O'nu üzmemeye çalışarak:
-Doktora ulaşmak kolaydır.
Parayı bastırdın mı istediğine tedavi olursun.
Ancak iman tedavisi için gönülden istek duymalısın, dedim.
Konuşmaya mecali olmadığından "Ben o isteği duyuyorum" manasında başını salladı.
Artık ümitsiz bir tıbbi tedavinin yanı sıra, ebedi hayatın ve saadetin reçetesi olan iman derslerimiz başlamış ve son günlerini yaşayan Serap için bu dersler "hızlandırılmalı öğretime" dönmüştü.
Anlattığım iman hakikatlerini bütün ruhuyla mecz ediyor ve arada bir soru soruyordu.
Vefatına bir hafta kala:
-Doktor bey,'' ben ölürken ne söylemeliyim? dedi.
-Senin durumun çok özel.
Kelime-i Şehadet sana uzun gelir.
O ani fark edince ''Muhammed'' sana yeter.
O, haliyle tebessüm ederek yine başını salladı.
Çok ıztırabı olduğu için Serap'a sürekli morfin yapıyor ve O'nu uyutmaya çalışıyorduk.
Ben, bir iş seyahati sebebiyle bir müddet ziyaretine gidemedim.
Dönüşümde annesi telefon ederek:
-Serap, bir haftadır morfin yaptırmıyor.
Sabahlara kadar inliyor ve çok ıztırap çekiyor.
Hemen eve gittim ve iğne yaptırmamasının sebebini sordum.
Aldığım cevabı hâlâ unutamıyor ve hatırladıkça ürperiyorum:
-Ya morfinin tesiriyle ölüme uykuda yakalanır ve son nefeste "Muhammed" diyemezsem?
İşte Serap, böyle bir hanımdı.
Bu arada benden istihareye yatmamı ve eğer bir kaç gün daha ömrü varsa, son günü uyanık kalacak şekilde morfin yaptırılmasını rica etti.

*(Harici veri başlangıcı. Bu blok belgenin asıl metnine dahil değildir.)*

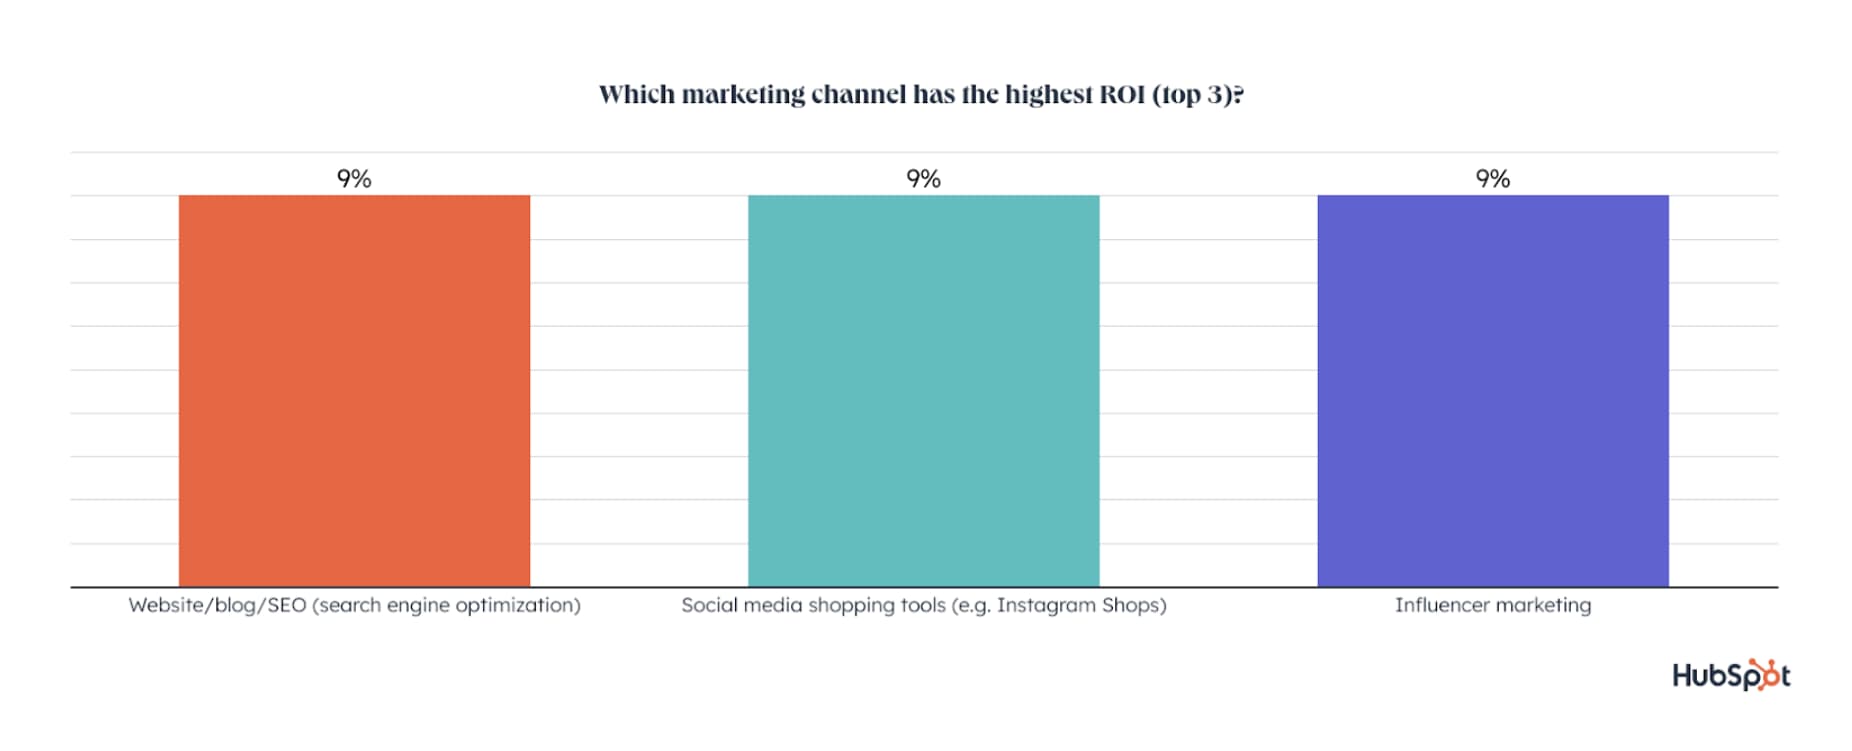 A chart graph showing blogging, social media shopping tools, and influencer marketing all tied for highest ROI

Ben hiç âdetim olmadığı halde cuma gününe rastlayan o gece istihareye yattım ve Serap'ın acizliği hürmetine olacak ki, Salı gününe kadar yaşayacağına dair işaret sezdim.
Ertesi gün O'na:
-Hiç korkma!
İğneyi vurdurabilirsin, dedim.
Ve Serap bir veda niteliği taşıyan bu görüşmemizde son sorusunu da sordu:
-Doktor Bey, Azrail bana nasıl görünecek?
-Kızım, O bir melek değil mi?
Hiç merak etme, sana yakışıklı bir prens gibi gelecektir, dedim.
Salı günü Serap'ın ağırlaştığı haberini alınca hemen eve gittim.
Ancak vefatına yetişememiştim.
Ailesi tam manasıyla perişandı.
Sadece kendisine uzun müddet bakan dindar bir hanım akrabası ayaktaydı ve beni görünce yanıma gelerek:
-Doktor bey, biliyor musunuz, bu evde biraz önce bir mucize yaşandı! dedi ve devam etti:
-Serap, bir saat kadar önce oksijen cihazını attı ve "yataktan kalkması imkansız" denmesine rağmen kalkarak abdest aldı, iki rekat namaz kıldı.
Bütün ev halkı hayretten donup kaldık.
Ve Kelime-i Şehâdet getirerek vefat etmeden biraz evvel de:
-Doktor Bey'e söyleyin, Azrail, O'nun söylediğinden de güzelmiş! dedi.